→ **Assignment**: Transcribe the records below exactly, leaving out any pictures.

Collected data:
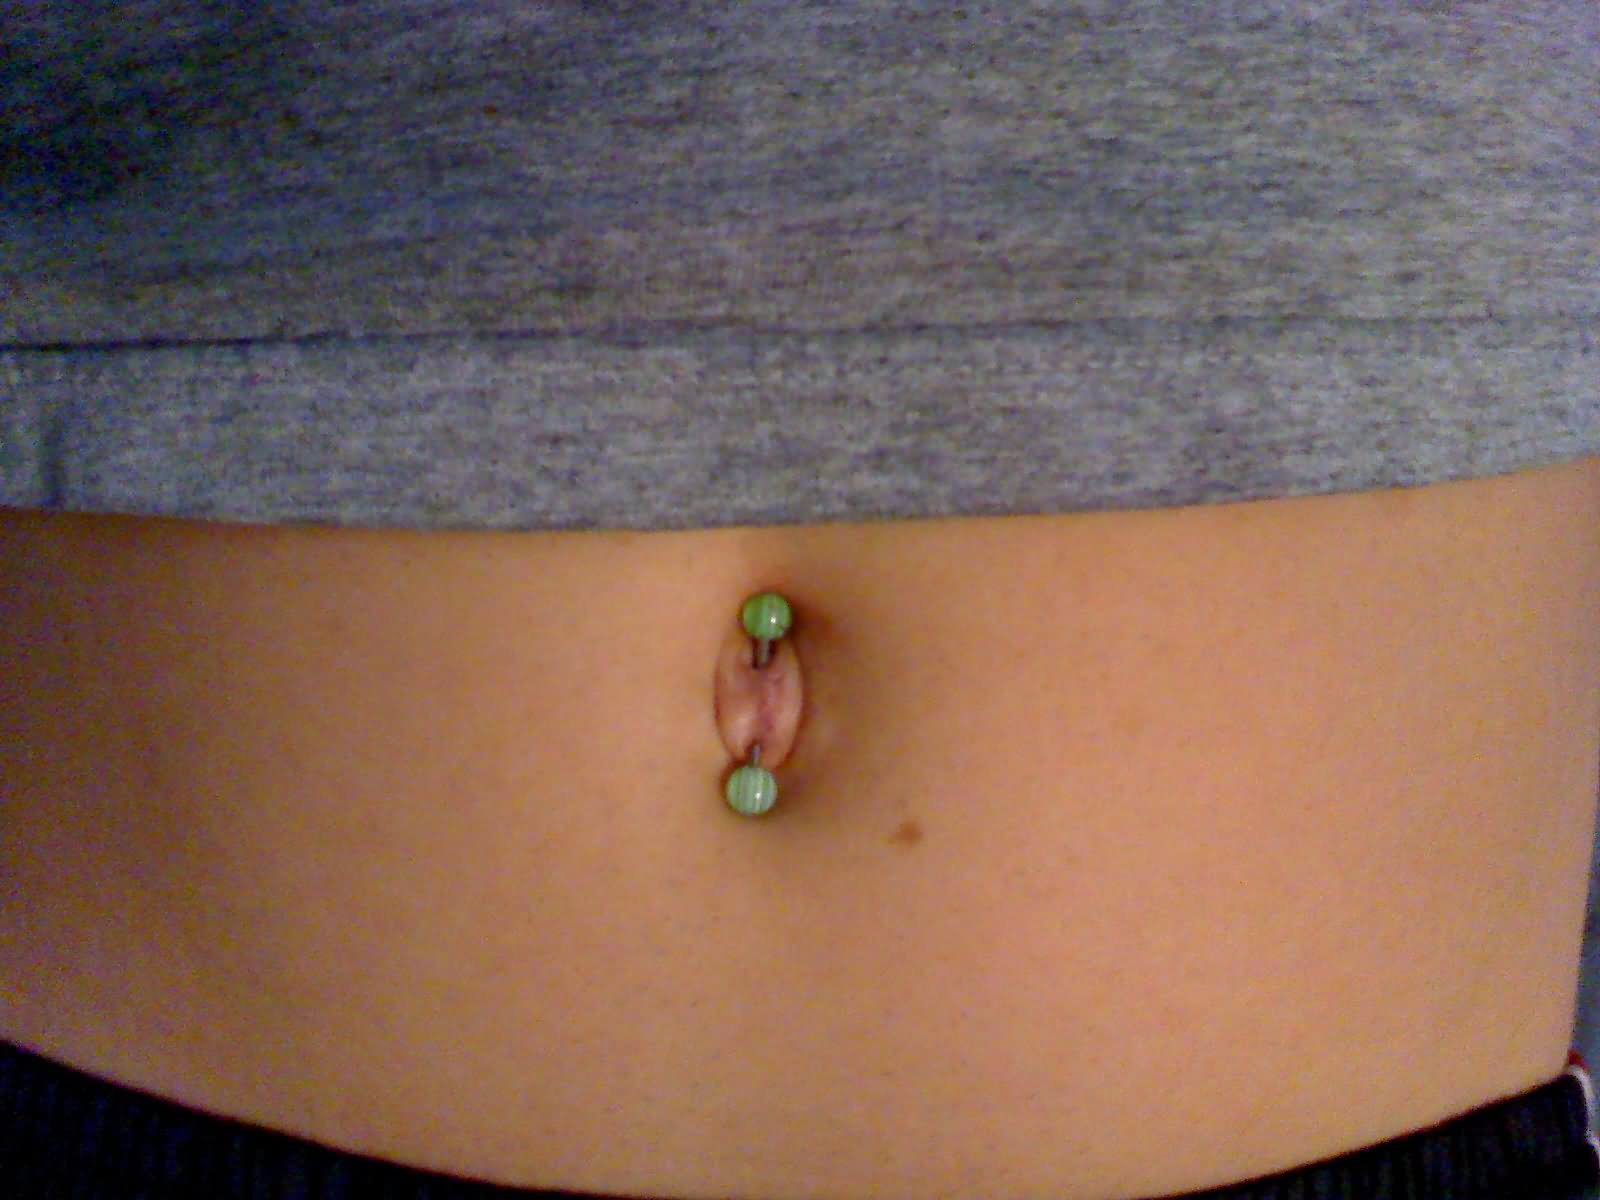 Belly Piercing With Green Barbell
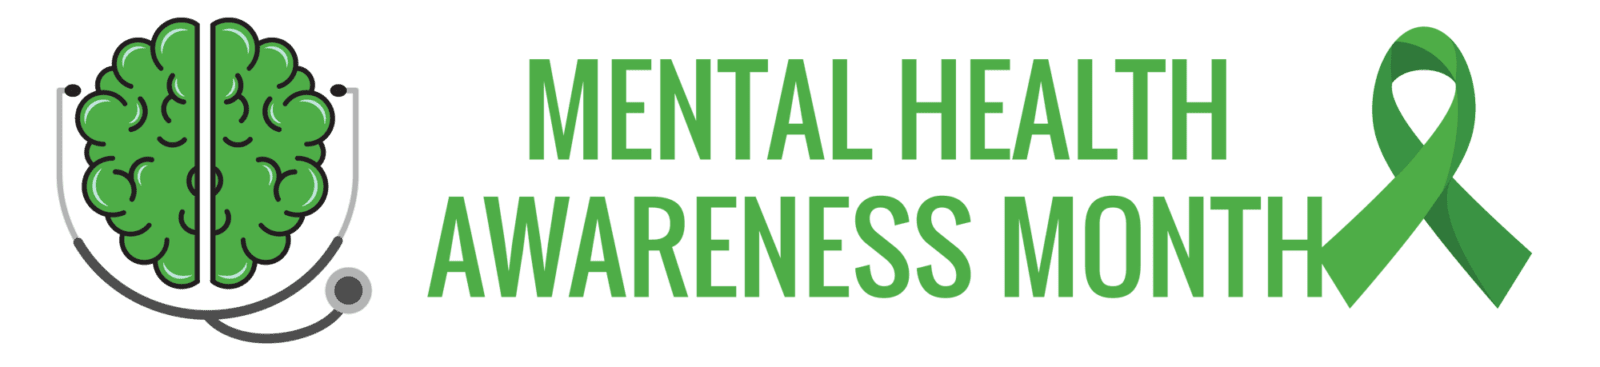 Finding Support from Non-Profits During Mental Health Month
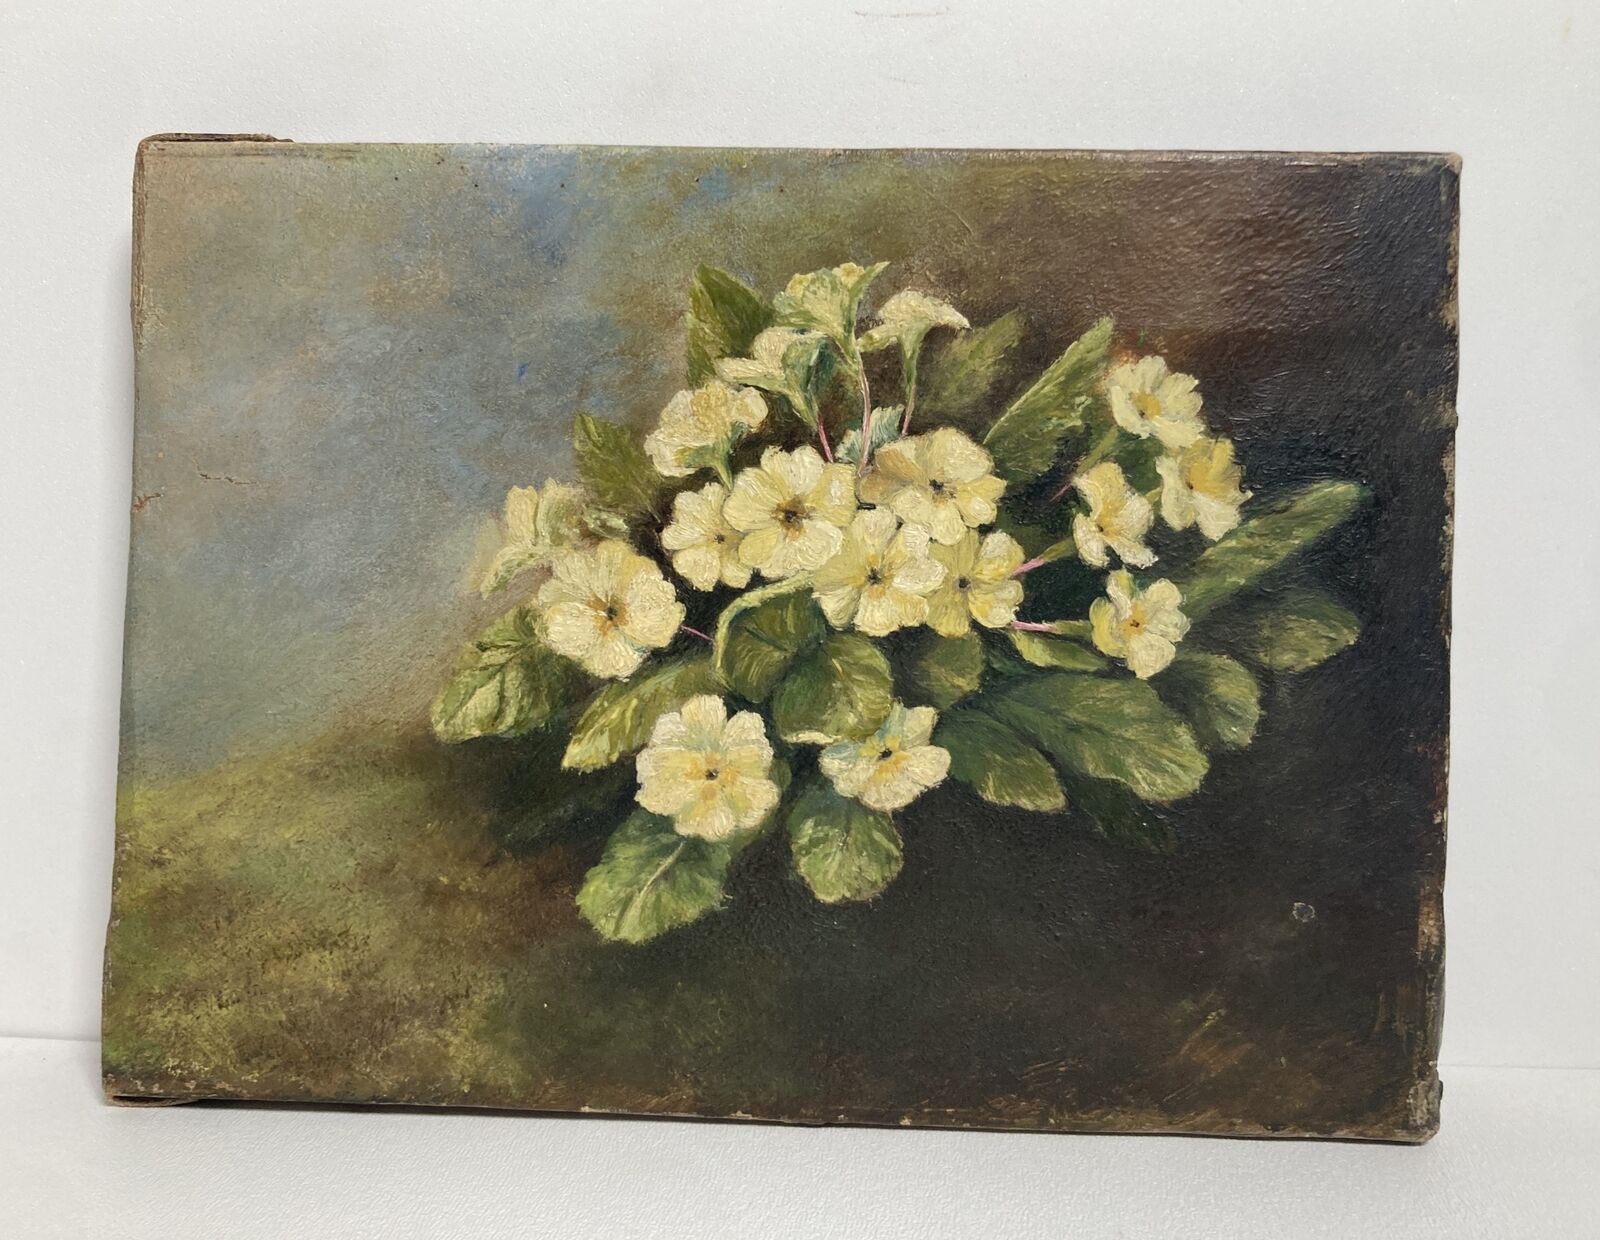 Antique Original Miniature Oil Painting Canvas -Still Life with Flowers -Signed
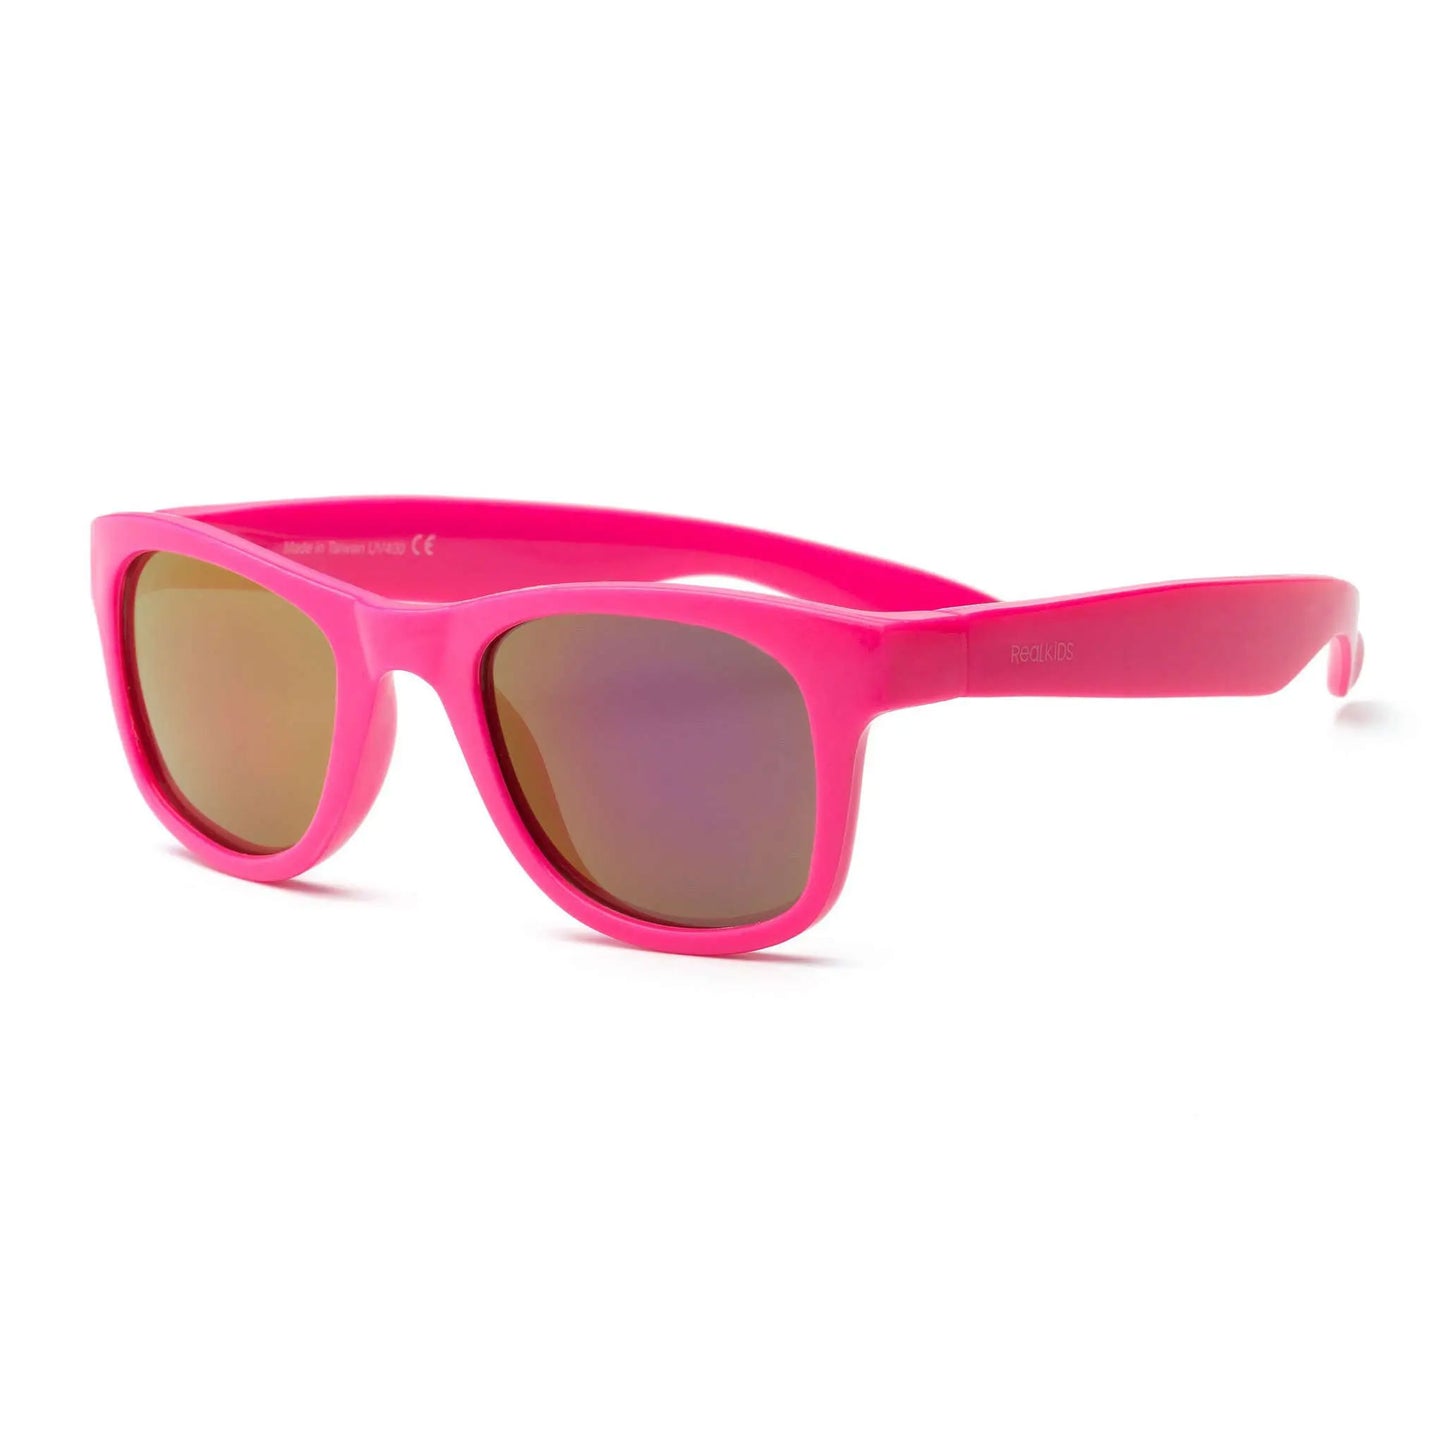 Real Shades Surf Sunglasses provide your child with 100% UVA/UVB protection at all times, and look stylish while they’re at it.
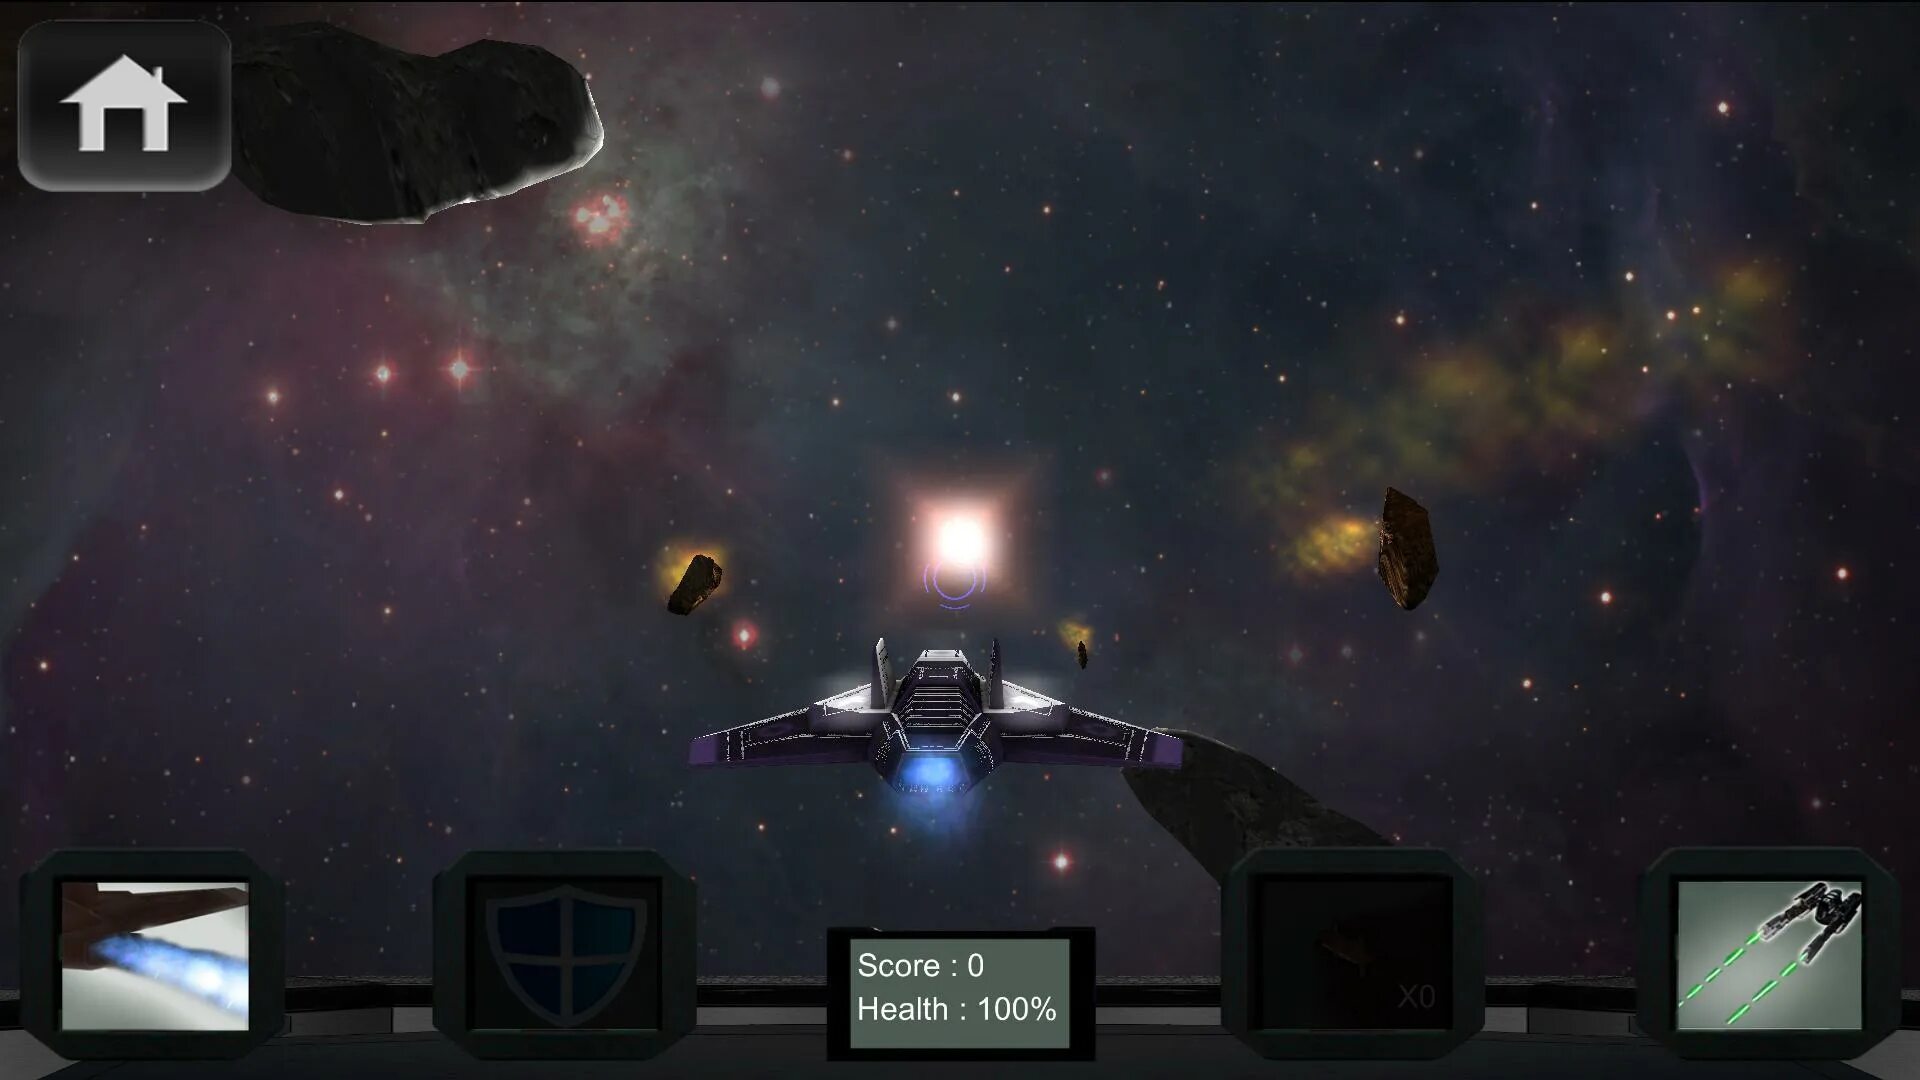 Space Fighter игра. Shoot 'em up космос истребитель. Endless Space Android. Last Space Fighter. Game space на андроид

→ **Task result**:
 Belly Piercing With Green Barbell
 Finding Support from Non-Profits During Mental Health Month
 Antique Original Miniature Oil Painting Canvas -Still Life with Flowers -Signed
 Real Shades Surf Sunglasses provide your child with 100% UVA/UVB protection at all times, and look stylish while they’re at it.
 Space Fighter игра. Shoot 'em up космос истребитель. Endless Space Android. Last Space Fighter. Game space на андроид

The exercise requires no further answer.